Figure 5-1 Selectors for an ADF Faces table Component

Selectors for an ADF Faces Table Component

Use the tools that the visual editor for ADF skins provides to customize the appearance of the ADF Faces components and ADF Data Visualization components. For more information, see Chapter 3, "Working with the Oracle ADF Skin Editor."

Other sources of information that may help you as you change the selectors of ADF Faces and ADF Data Visualization components include the following:

5.2 Changing ADF Faces Components' Selectors

ADF Faces components render user interface controls such as command buttons, command links and check boxes in your web application. ADF Faces components also include components that render calendars, panels to arrange other user interface controls and tables in your web application. For more information about ADF Faces components and the functionality that they provide, see the Oracle Fusion Middleware Web User Interface Developer's Guide for Oracle Application Development Framework.
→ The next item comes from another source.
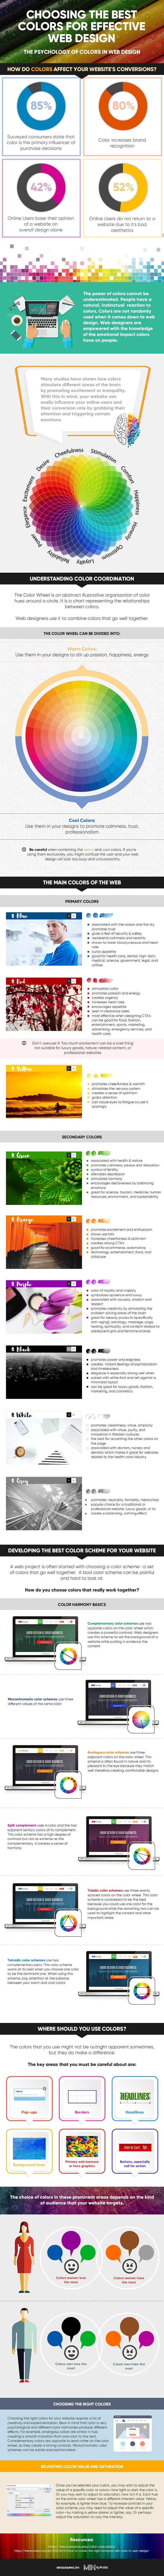 Colors web design psychology - Infographic Choosing The Best Colors For Effective Web Design Designtaxi Com Psychology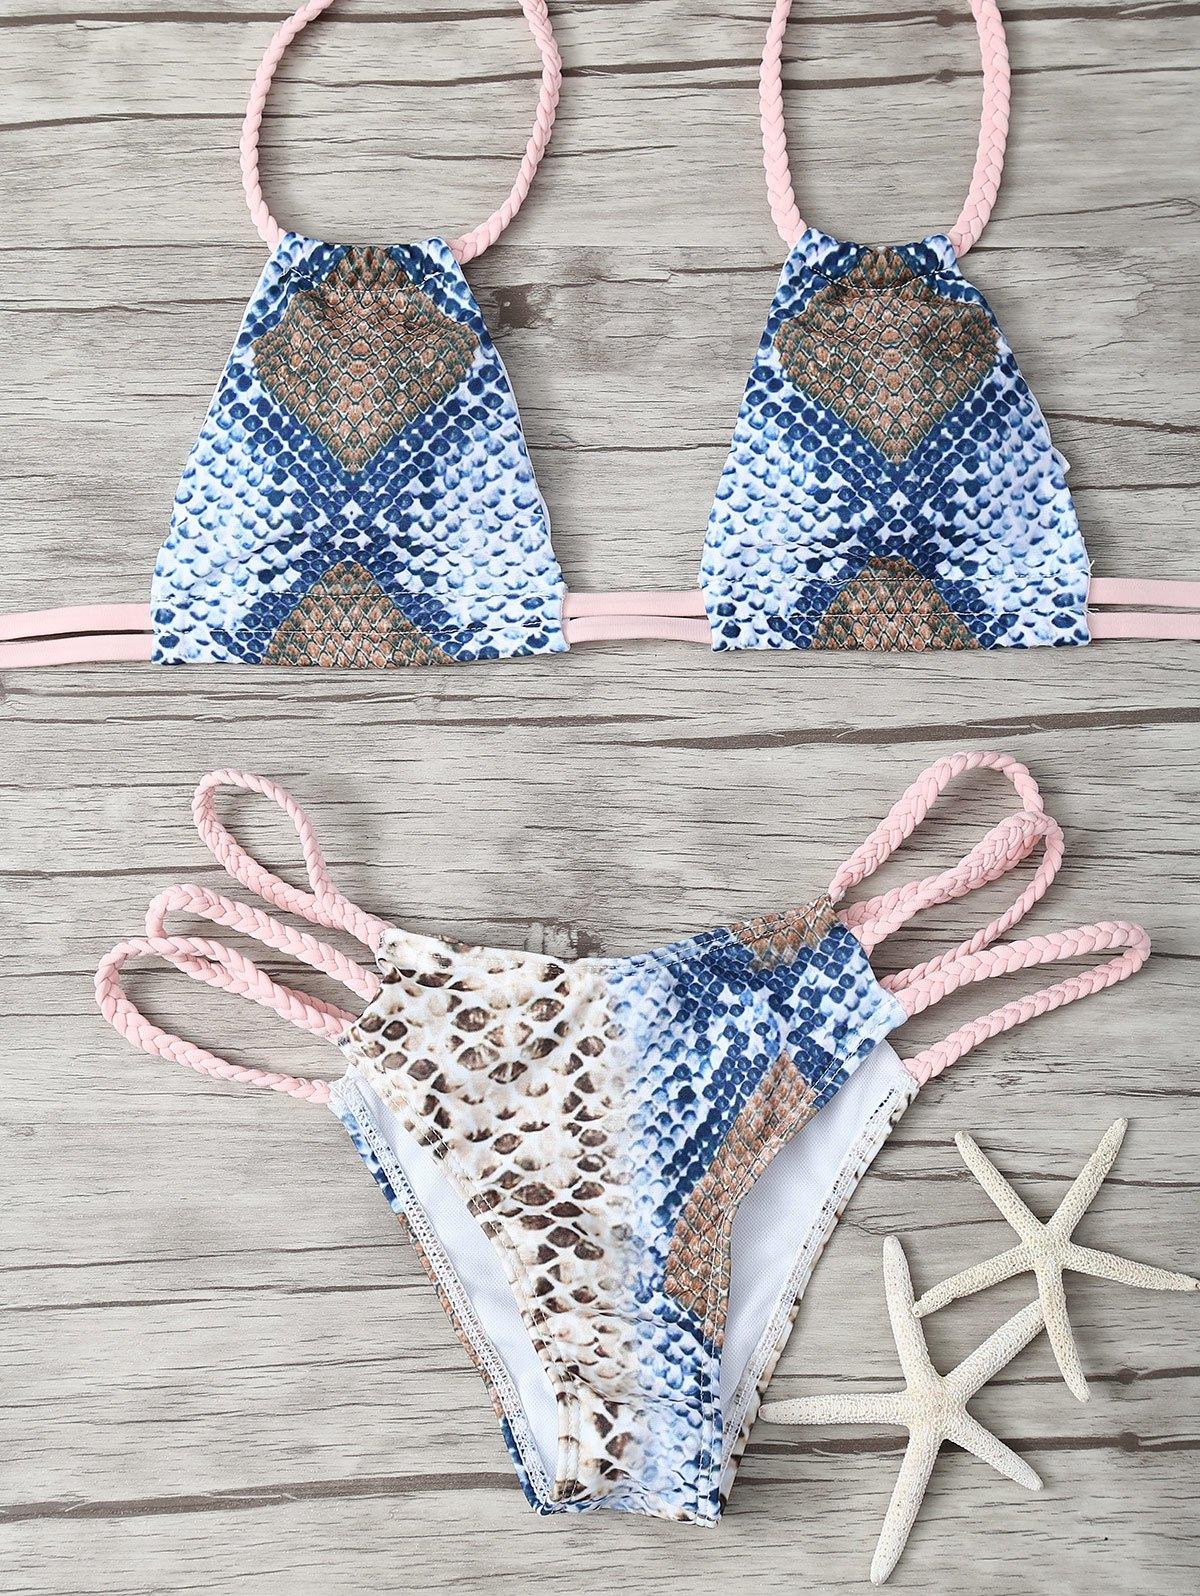 Snakeskin Print Braided Straps Bikini

You can change the runtime appearance of ADF Faces components by editing the properties that each ADF Faces skin selector exposes. The number of selectors that an ADF Faces component exposes varies by component. For example, the ADF Faces components, af:image and af:popup, expose one selector each. In contrast, the ADF Faces component, af:panelHeader, exposes a variety of selectors that enable you to change the appearance of different parts of the user interface of that component. There are, for example, selectors that allow you to change the af:panelHeader component's instruction text, help icons, and titles.

The process to follow to change the runtime appearance of an ADF Faces component is the same for each component; the only difference is the number of selectors that each ADF Faces component exposes. Figure 5-2 and Figure 5-3 take the goButton component as an example and illustrate how you can customize the appearance of this component using pseudo-elements and the component's selector. Figure 5-2 shows the application of the default ADF Faces' fusion skin on the goButton component and the component icon.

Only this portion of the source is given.